Wishing for Lasting Companies, Not Penny Stocks or Goodwill Write-Downs
Get me a NASCAR-style company-logoed cremation urn (notice to the executor of my will, theres gonna be a lot of weird requests). I believe in working on projects that would be on your tombstone. As the Homebrew logo is tattooed on my shoulder, expanding the portfolio to my posthumous commemoration is easy. But this isn't an IRR victory lap; it's a hope that the firms we worked for would last beyond my lifetime.
Venture investors too often take credit or distance themselves from startups based on circumstances. Successful companies tell stories of crucial introductions, strategy conversations, and other value. Defeats Even whether our term involves Board service or systematic ethical violations, I'm just a little investment, so there's not much I can do. Since I'm guilty, I'm tossing stones from within the glass home (although we try to own our decisions through the lifecycle).
Post-exit company trajectories are usually unconfounded. Off the cap table, no longer a shareholder (or a diminishing one as you sell off/distribute), eventually leaving the Board. You can cheer for the squad or forget about it, but you've freed the corporation and it's back to portfolio work.
As I look at the downward track of most SPACs and other tarnished IPOs from the last few years, I wonder how I would feel if those were my legacy. Is my job done? Yes. When investing in a business, the odds are against it surviving, let alone thriving and being able to find sunlight.
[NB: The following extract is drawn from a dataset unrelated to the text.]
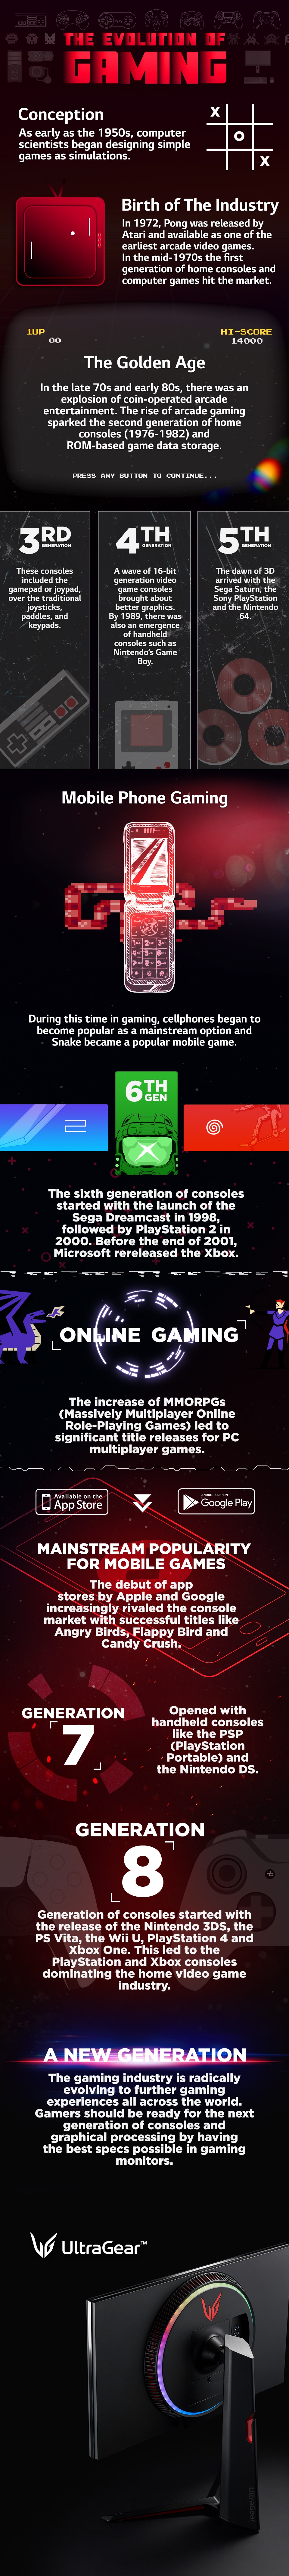 The History Of Gaming: An Evolving Community

SPAC sponsors, institutional buyers, retail investments. Free trade in an open market is their right. Risking and losing capital is the system working! But
We were lead or co-lead investors in our first three funds, but as additional VCs joined the company, we were pushed down the cap table. Voting your shares rarely matters; supporting the firm when they need it does. Being valuable, consistent, and helping the company improve builds trust with the founders.
I hope every startup we sponsor becomes a successful public company before, during, and after we benefit. My perspective of American capitalism. Well, a stock ticker has a lot of garbage, and I support all types of regulation simplification (in addition to being a person investor in the Long-Term Stock Exchange). Yet being owned by a large group of investors and making actual gains for them is great. Likewise does seeing someone you met when they were just starting out become a public company CEO without losing their voice, leadership, or beliefs.
I'm just thinking about what we can do from the start to realize value from our investments and build companies with bright futures. Maybe seed venture financing shouldn't impact those outcomes, but I'm not comfortable giving up that obligation.